Kanungo does not disclose sending the first prompt message to the smart mobile terminal through a Bluetooth.
Jung teaches a smart wearable device system (Fig. 1, AI device 10) comprising a smart wearable device (¶50, glass type AI device (a smart glass)) and a smart mobile terminal (¶296, AI device 10 supported like a mobile device) communicating with each other via Bluetooth (¶98), where a speech to text server configured to convert first user speech into a first text using a speech to text engine (Fig. 1, STT server 20 and see ¶58).
Kanungo noted that all or some of the operations executed on the electronic device 101 / smart glasses can be executed on another or multiple other electronic devices such as electronic devices 102 / smart mobile terminal or server 106 (¶45).

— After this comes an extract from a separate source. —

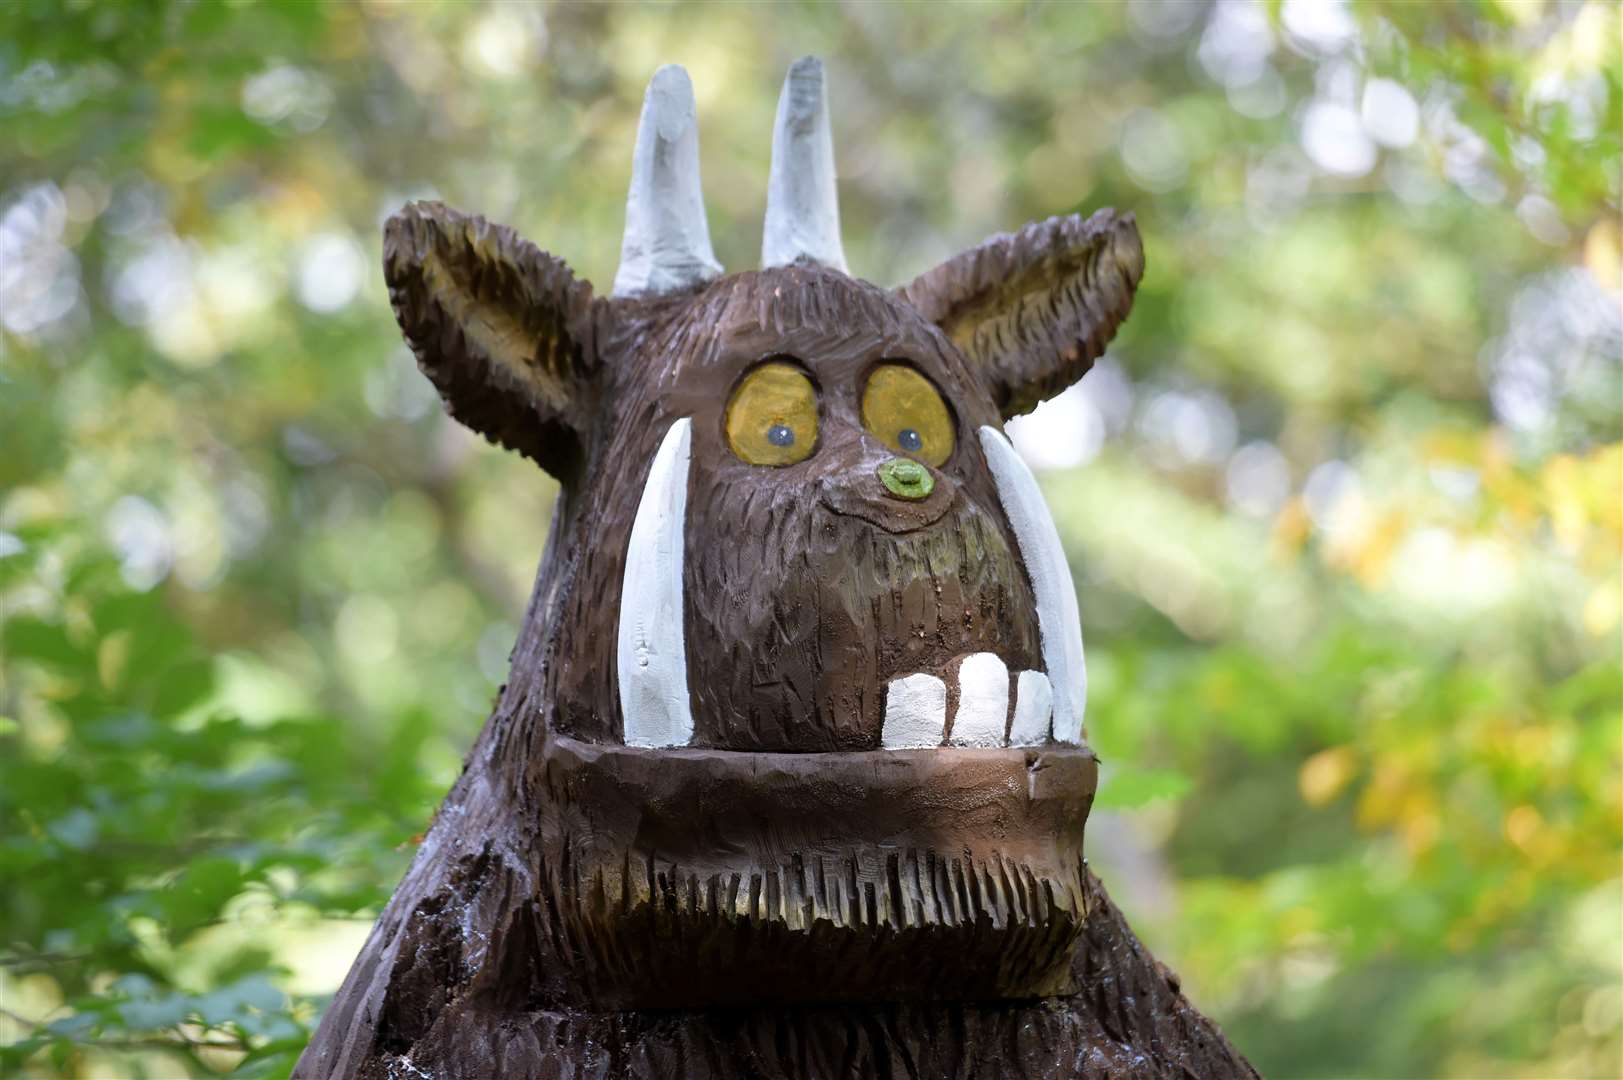 Repairs have been made to the Gruffalo....Picture: Callum Mackay

When implement a speech to text engine on the group of one or more servers constituting server 106 (Kanungo, ¶45) to convert first user speech into first text to generate the first prompt message based on semantic parsing as requested by electronic device 101 / smart wearable device and requesting server 106 (the group of one or more servers with one being the prompt server and the other being the model server configured with GAILLM) configured with GAILLM to generate the task execution command, it would’ve been obvious to one ordinarily skilled in the art before the effective filing date of the invention to implement a Bluetooth type wireless network to facilitate transfer of first prompt message from electronic device 101 / smart glasses to electronic device 102 / smart mobile terminal in order to transmit and receive data from external devices through wireless communication technologies (Jung, ¶97).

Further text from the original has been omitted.